Rockwell Collins remains “confident in the projected $160 million run-rate synergies” its own and B/E’s management have already identified from cost-savings that merging the two companies will produce. Now they are performing “further detailed planning on cost and revenue synergies”, said Ortberg.
This planning is studying “Phase 2 synergies incremental to the baseline plan,” which would result from elimination of “potential redundancy and overlaps in the businesses”, according to Ortberg. “We’re now beginning to work through the details to quantify those. They’re all related to where we have overlap, either in capability, manufacturing sites where we are doing duplicate things, customer support sites where we have multiple facilities.”
In the 20 January analyst call, Ortberg also discussed Rockwell Collins’ motivation for purchasing UK-based Pulse.Aero Limited for $11 million on 4 January. Pulse.Aero is, according to Rockwell Collins’ news release announcing the acquisition, a company “specializing in self-service bag drop solutions and airline applications” and Rockwell Collins bought Pulse.Aero “to enhance the company’s passenger processing services for airports and airlines”.

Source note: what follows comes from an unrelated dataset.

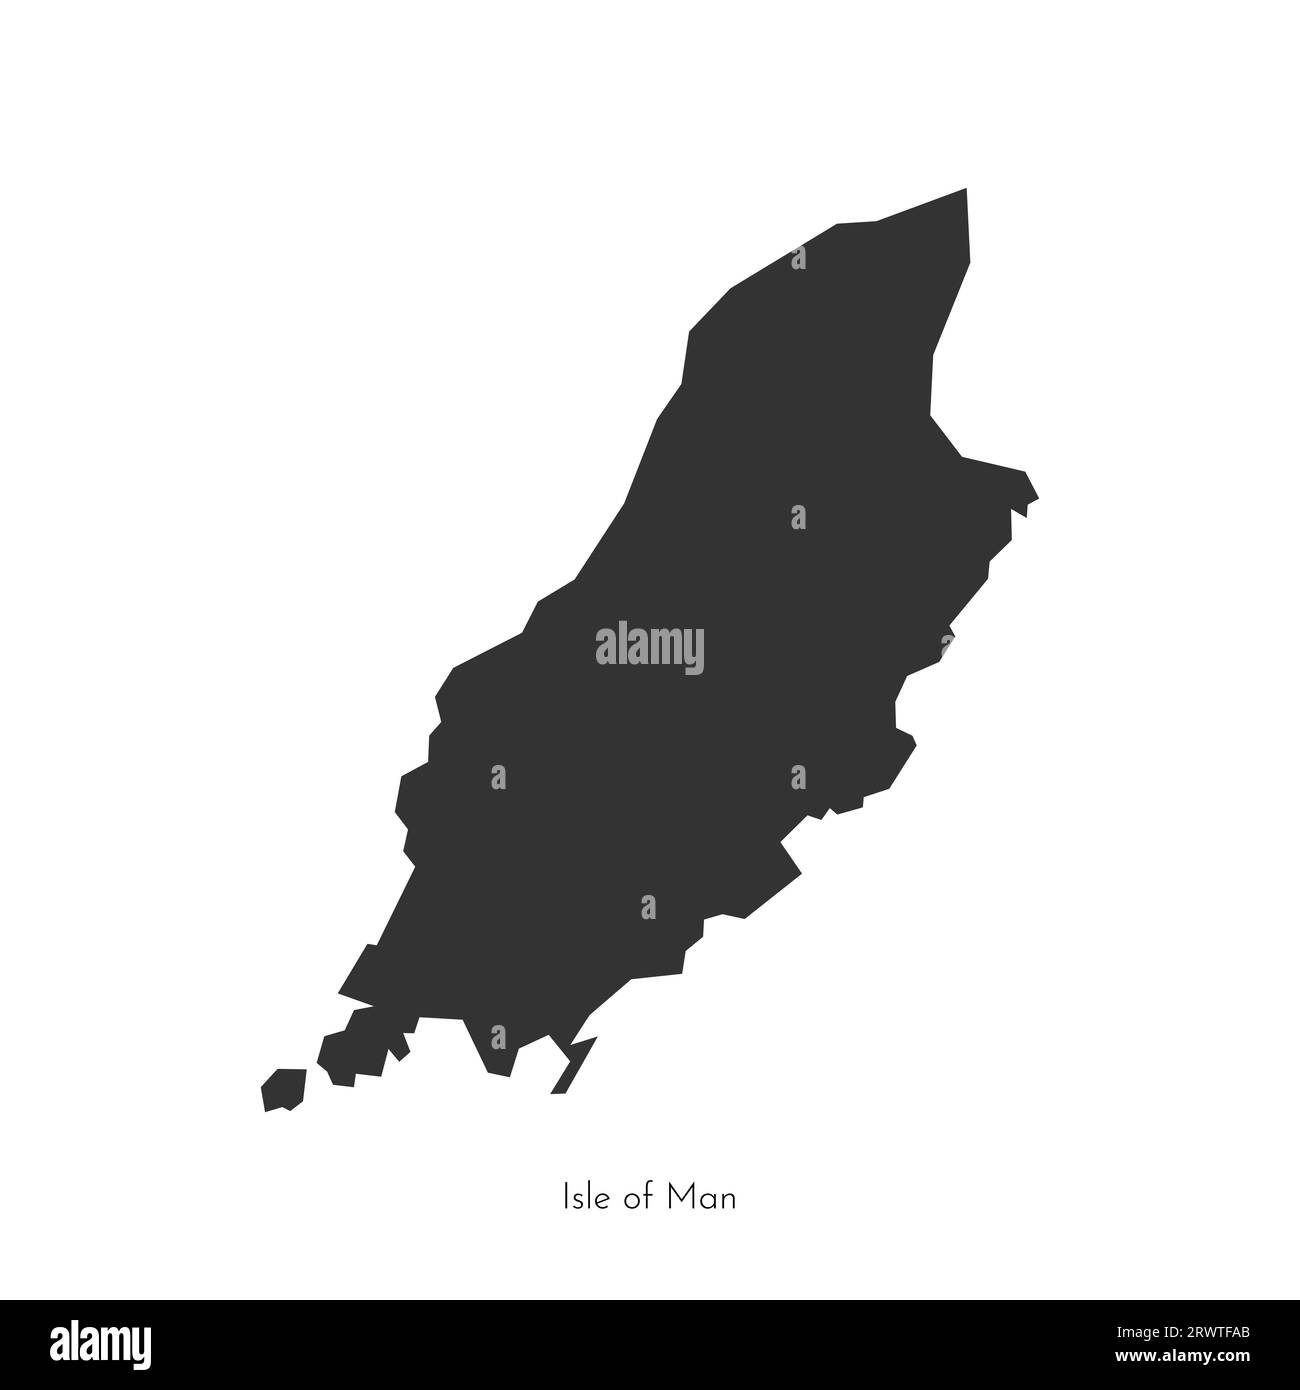 Illustrazione piatta isolata vettoriale con mappa nera semplificata dell'Isola di Man (Regno Unito). Forma geometrica dell'isola grigio scuro (Mann, Cro britannico autonomo Illustrazione Vettoriale

“If you look at our overall airport business, it’s all around providing improved flow through the airport, from walking in to boarding the aircraft – self-service kiosks, all the ticketing,” said Ortberg. “Self-service is a big focus in our business today, and the self-serve bag drop is going to be a big driver there over the next five years. If you haven’t used it yet, you will be using it and you’ll see that, just like using the self-service ticket kiosk, it really is a much better way to move folks through the airport.
“So we saw this as a key element of driving airport upgrades. It’s a part of our portfolio for us to do that. We felt we wanted to have that because [Pulse.Aero] have got some differentiating technology that we think will improve our key wins on these airport upgrade opportunities going forward,” said Ortberg.
“That is our vision – to be able to use information, connectivity, getting through passport control, getting through ticketing and baggage handling,” declared Ortberg. “And it’s all around managing that and that goes all the way to the aircraft. You know, there will be a day where you’ll be able to track your bag, from the seat in the aircraft, throughout the mission of the flight.”